PURPOSE: Failure of testicular descent occurs in about 65% of spontaneously cryptorchid Long-Evans orl rats. Development of the fetal gubernaculum is dependent on expression of leucine rich G protein coupled receptor (also known as G protein coupled receptor affecting testicular descent) and its ligand, insulin-like 3. We studied testicular descent and mRNA expression of insulin-like 3 and leucine rich G protein coupled receptor in Long-Evans orl and Long-Evans wild-type rats during perinatal development. MATERIALS AND METHODS: Long-Evans orl and Long-Evans wild-type males obtained at gestational days 18 to 21 and day of birth were preserved in RNAlater for at least 24 hours. The size and position of the testes, kidneys and gubernacula were determined by microdissection and image analysis. Leucine rich G protein coupled receptor mRNA expression was analyzed in fetal gubernacula (gestational days 18 to 21) using real-time reverse transcriptase polymerase chain reaction with SYBR Green detection. Insulin-like 3 mRNA expression in fetal testis (gestational days 18 and 20) was determined by semiquantitative reverse transcriptase polymerase chain reaction. RESULTS: Testicular position was similar in Long-Evans orl and Long-Evans wild-type fetal rats. However, gubernacula were narrow (p < 0.001) and elongated (p < or = 0.01) in Long-Evans orl compared to Long-Evans wild-type fetuses at all time points.
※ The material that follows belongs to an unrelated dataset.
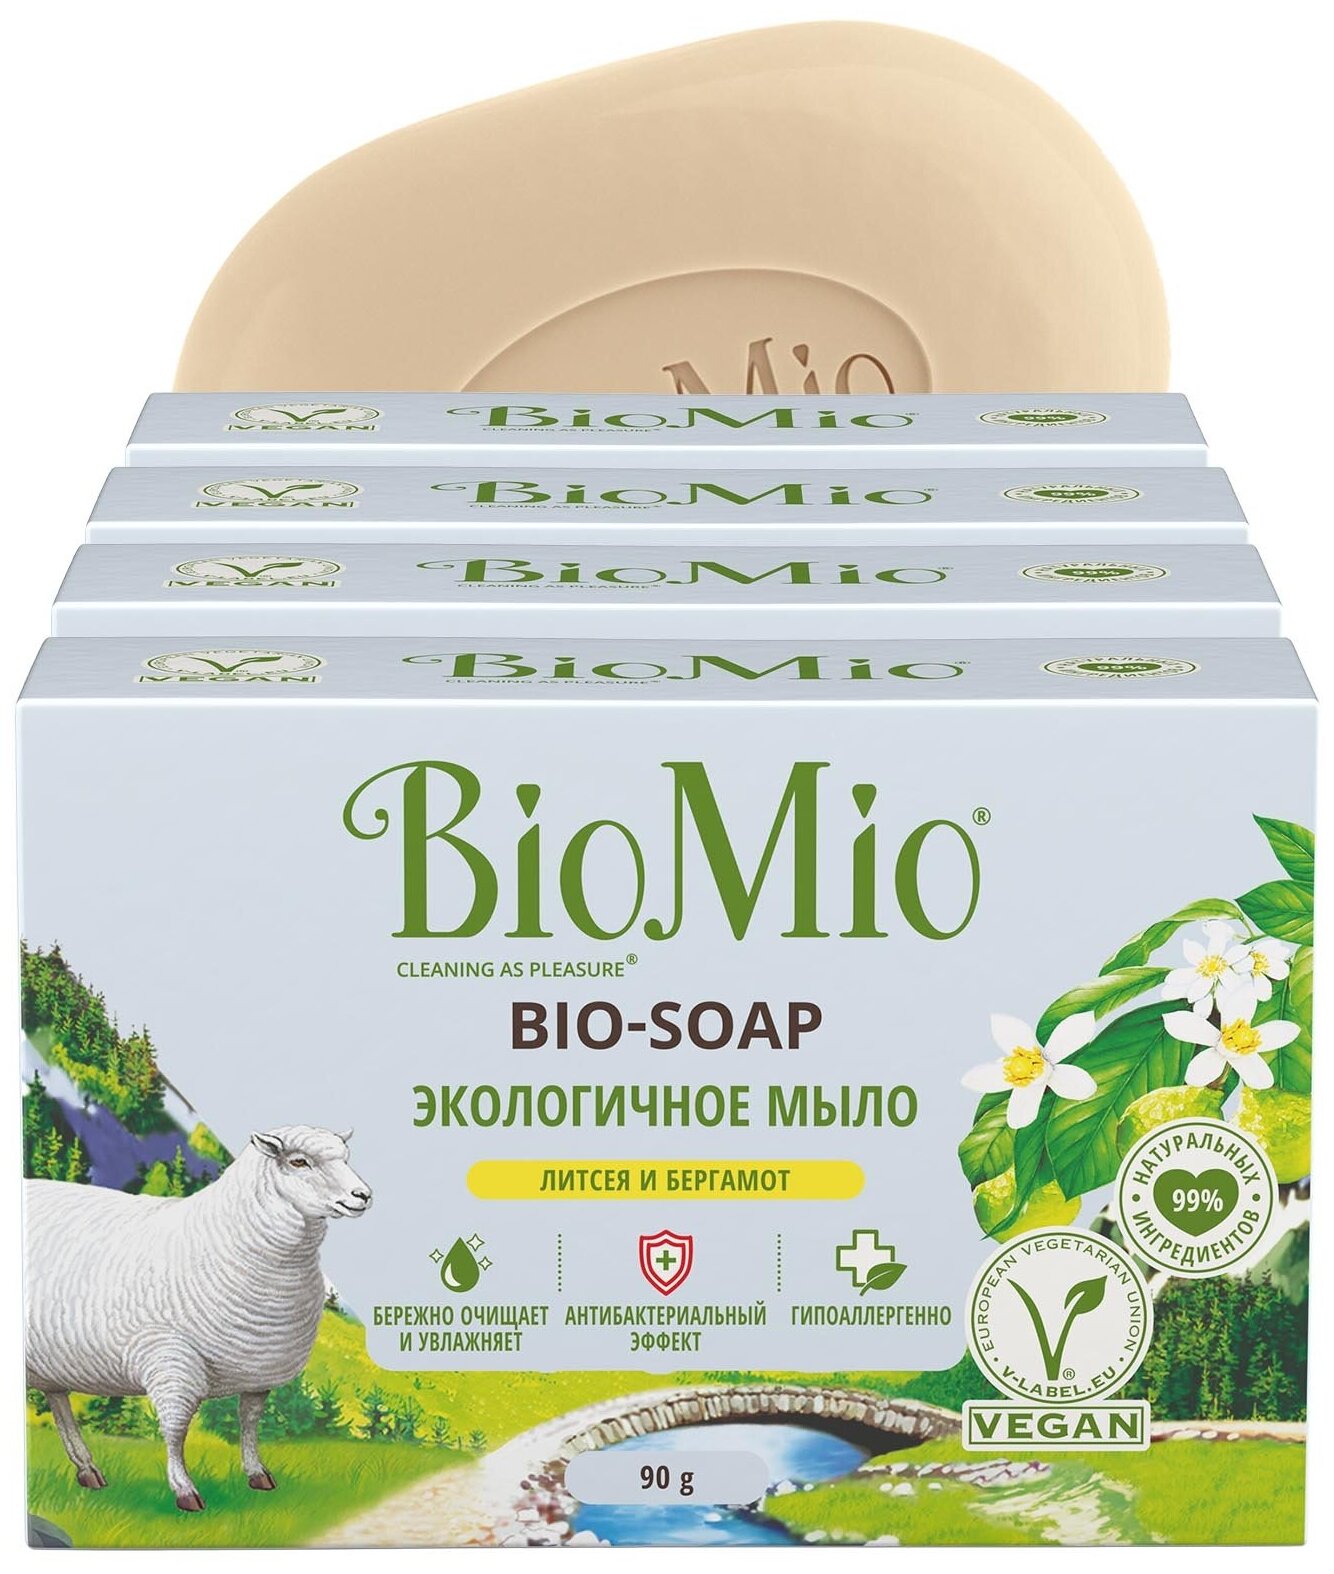 Экологичное туалетное мыло BioMio BIO-SOAP с эфирными маслами литсея и бергамота 90 гр х 4 шт
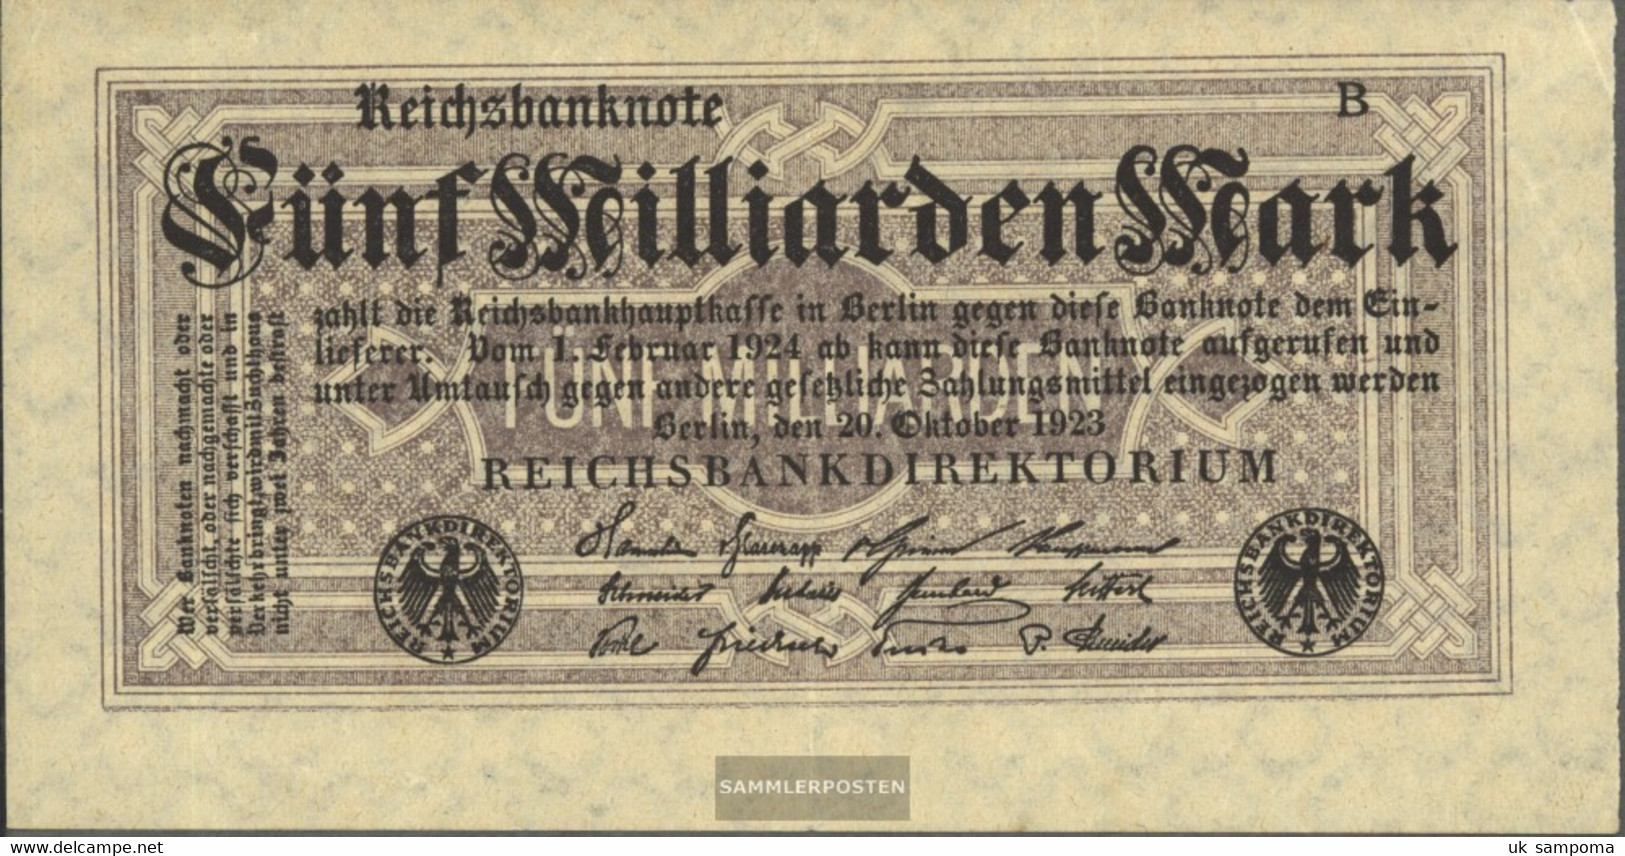 German Empire Rosenbg: 120d, Without Kontrollnummer With Firmenzeichen Used (III) 1923 5 Billion Mark - 5 Miljard Mark

Inversion of both gubernacula occurred by the day of birth in 45% of Long-Evans orl and 100% of Long-Evans wild-type males (p < 0.001). Leucine rich G protein coupled receptor mRNA expression decreased with age and, similar to insulin-like 3 mRNA, was not consistently different between strains. CONCLUSIONS: These data suggest that the impaired shortening of the Long-Evans orl gubernaculum may interfere with the timing and quality of its inversion at birth, leading to failure of testicular descent in some newborn males. However, fetal testicular descent and the expression of leucine rich G protein coupled receptor and insulin-like 3 mRNA appear to be normal in this strain.